TokSing: Singing Voice Synthesis based on Discrete Tokens
Yuning Wu, Chunlei zhang, Jiatong Shi, Yuxun Tang, Shan Yang, Qin Jin
TL;DR
The paper tackles singing voice synthesis with discrete tokens by introducing TokSing, which blends SSL-derived token sources across layers and models to capture diverse singing semantics. It augments token-based representations with a melody signal $LF0$ and trains with a melody loss $\orall m$ and a token prediction loss $\mathcal{L}_{\text{tok}}$, enabling improved melody expression. Experiments on Opencpop and ACE-Opencpop show TokSing achieving higher objective and subjective quality than Mel-spectrogram baselines, while reducing intermediate representation cost and accelerating convergence. Overall, the work demonstrates the viability and efficiency of discrete-token SVS with melody-aware enhancements and cross-model token blending.
Abstract
Recent advancements in speech synthesis witness significant benefits by leveraging discrete tokens extracted from self-supervised learning (SSL) models. Discrete tokens offer higher storage efficiency and greater operability in intermediate representations compared to traditional continuous Mel spectrograms. However, when it comes to singing voice synthesis(SVS), achieving higher levels of melody expression poses a great challenge for utilizing discrete tokens. In this paper, we introduce TokSing, a discrete-based SVS system equipped with a token formulator that offers flexible token blendings.
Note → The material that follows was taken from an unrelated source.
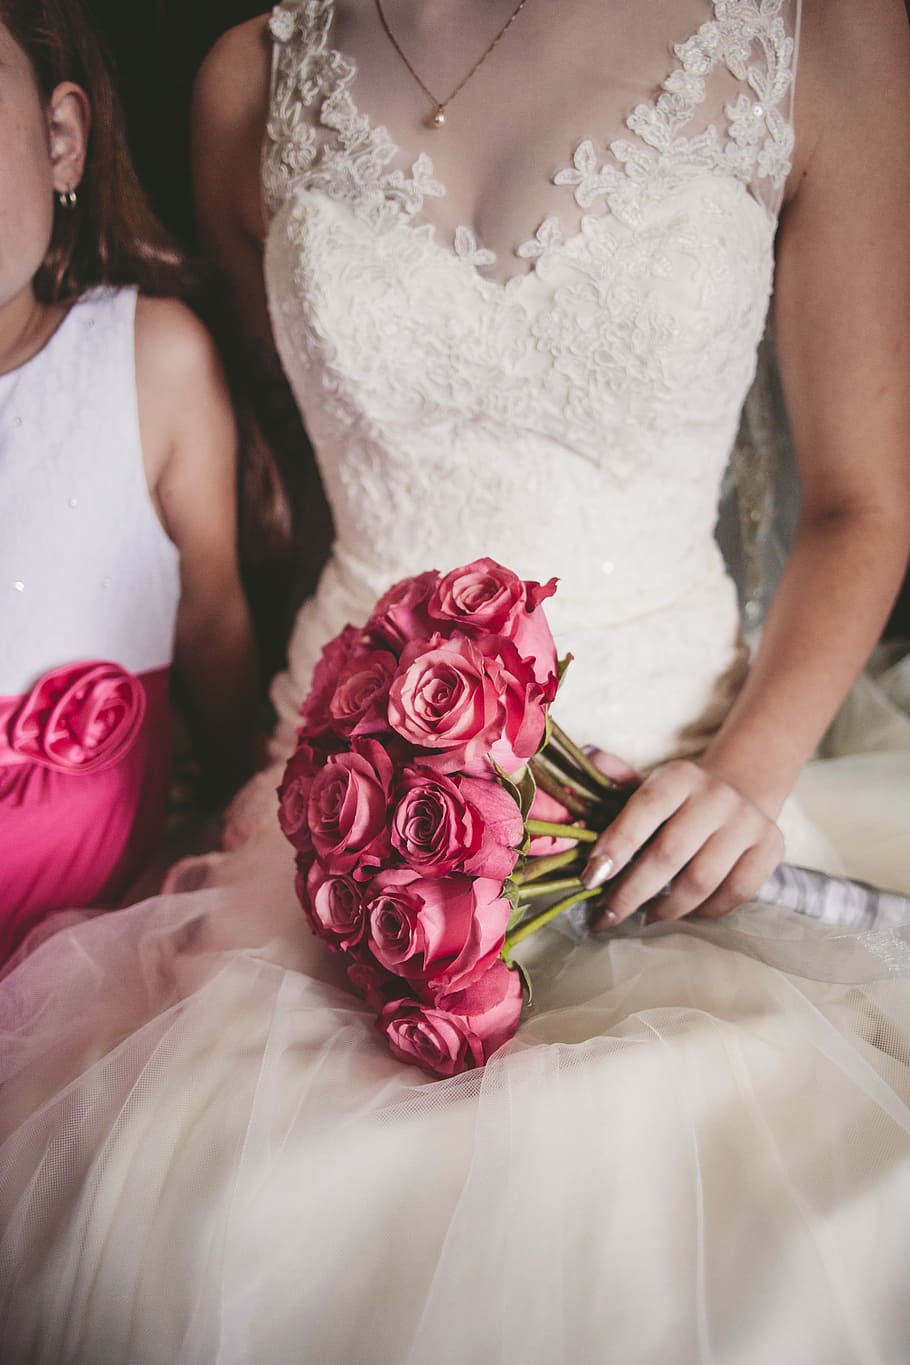 woman wearing white floral wedding dress holding bouquet of rose, woman holding a bouquet of pink roses

We observe a melody degradation during discretization, prompting us to integrate a melody signal with the discrete token and incorporate a specially-designed melody enhancement strategy in the musical encoder. Extensive experiments demonstrate that our TokSing achieves better performance against the Mel spectrogram baselines while offering advantages in intermediate representation space cost and convergence speed.